Note (XX.)—Page [39], line 33.
One of the most salient characteristics of the eighteenth century, as regards the administration of the towns, was not so much the abolition of all representation and intervention of the public in their affairs as the extreme variation of the rules by which the administration was guided, rights were incessantly granted, recalled, restored, increased, diminished, and modified in a thousand different ways. Nothing more fully shows into what contempt these local liberties had fallen as this continual change in their laws, which seemed to excite no attention. This variation alone would have been sufficient to destroy beforehand all peculiar ideas, all love of old recollections, all local patriotism in those very institutions which afford the greatest scope for them. This it was which prepared the way for the great destruction of the past, which the Revolution was about to effect.
Note (XXI.)—Page [41], line 6.
ADMINISTRATION OF A VILLAGE IN THE EIGHTEENTH CENTURY. FROM THE PAPERS OF THE INTENDANCY OF THE ÎLE-DE-FRANCE.

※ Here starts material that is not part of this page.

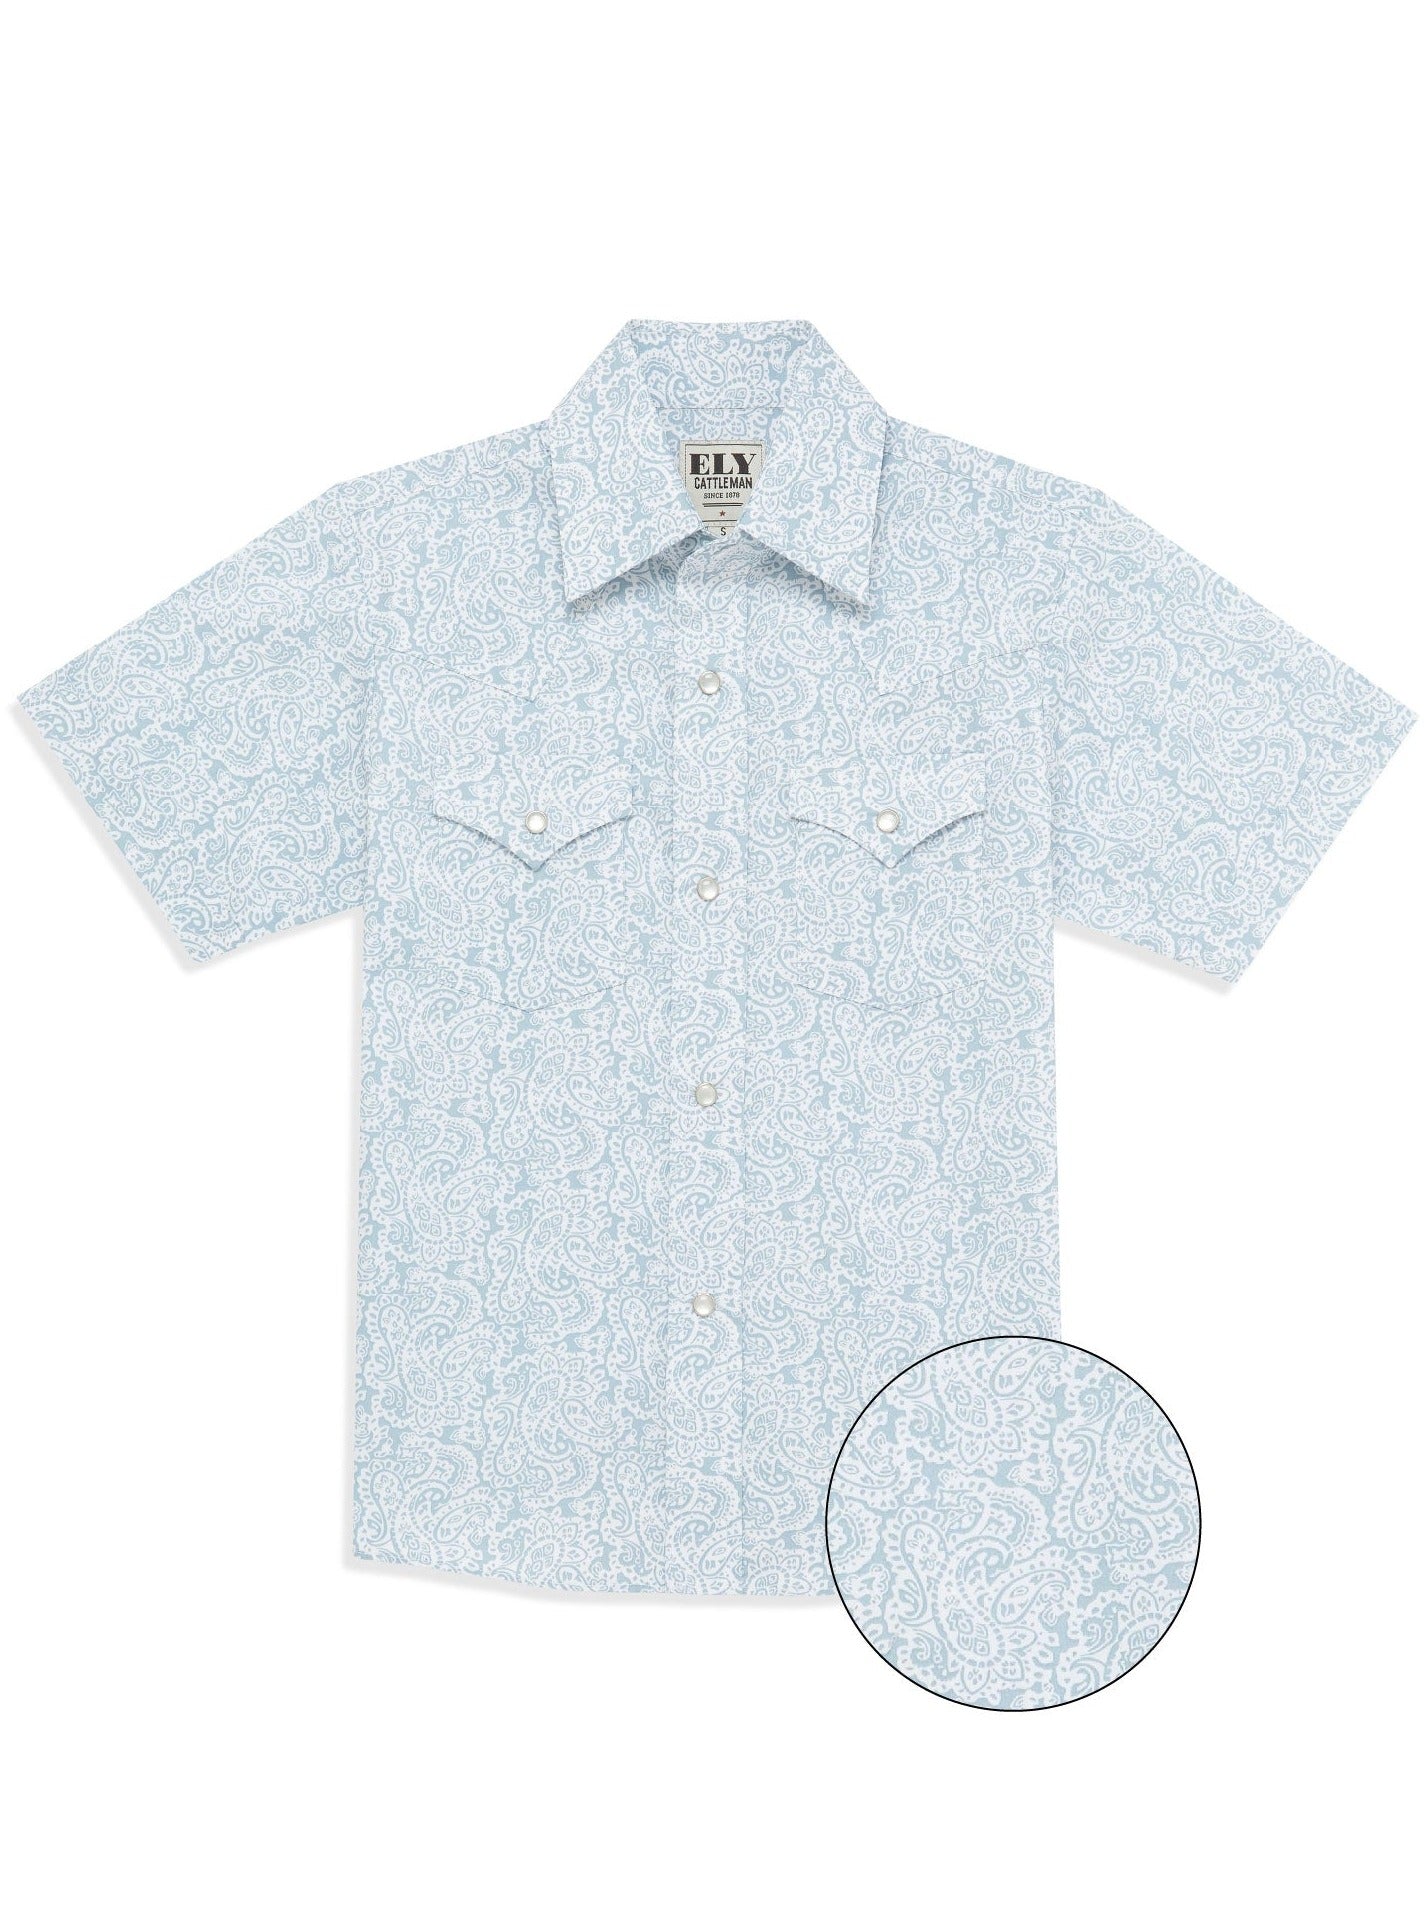 Boy's Ely Cattleman Short Sleeve Paisley Print Snap Shirt- Blue & Khaki
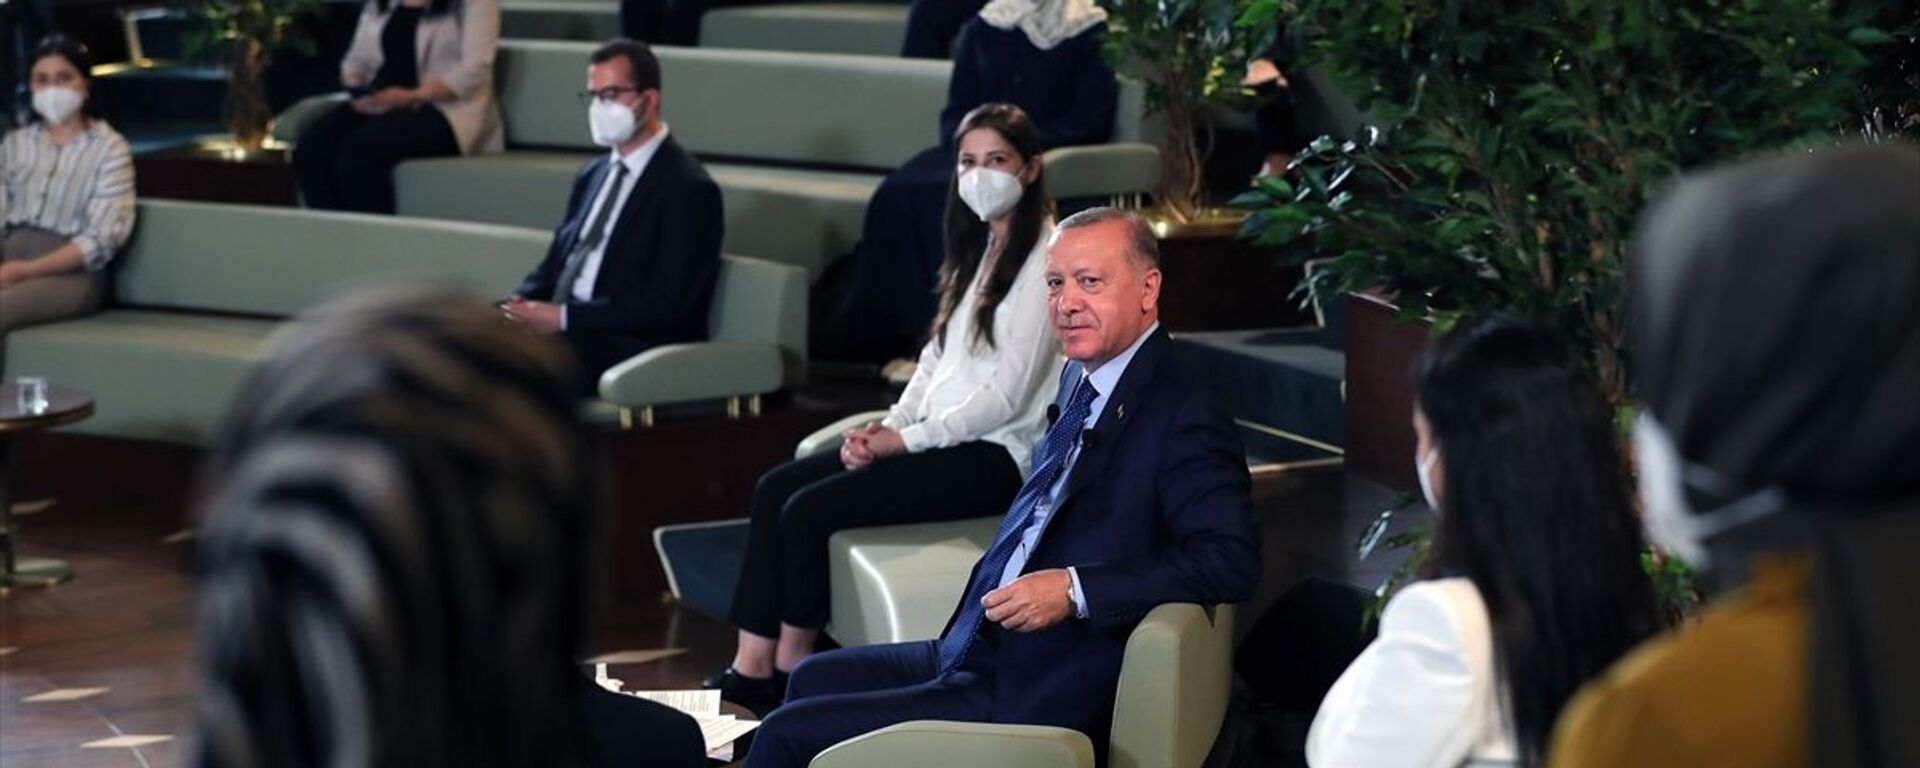 Cumhurbaşkanı Recep Tayyip Erdoğan, Kütüphane Söyleşileri'nin üçüncüsünde Millet Kütüphanesi'nde doktora öğrencileriyle bir araya geldi. - Sputnik Türkiye, 1920, 02.07.2021

I have selected the transaction which I am about to describe from amongst a number of others, in order to give an example of some of the forms followed by the parochial administration, to show how dilatory they were, and to give a picture of the General Assembly of a parish during the eighteenth century.
The matter in hand was the repairs to be done to the parsonage and steeple of a rural parish, that of Ivry, in the Île-de-France. The question was, to whom to apply to get these repairs done, how to determine on whom the expense should fall, and how to procure the sum which was needed.
1. Memorial from the curé to the Intendant, setting forth that the steeple and the parsonage are in urgent need of repairs; that his predecessor had added useless buildings to the parsonage, and thus entirely altered and spoiled it; that the inhabitants, having allowed this to be done, were bound to bear the expense of restoring it to a proper condition, and, if they chose, to claim the money from the heirs of the last curé.
2. Ordonnance of the Intendant (29th August, 1747), directing that the syndic shall make it his business to convoke a meeting to deliberate on the necessity of the operations demanded.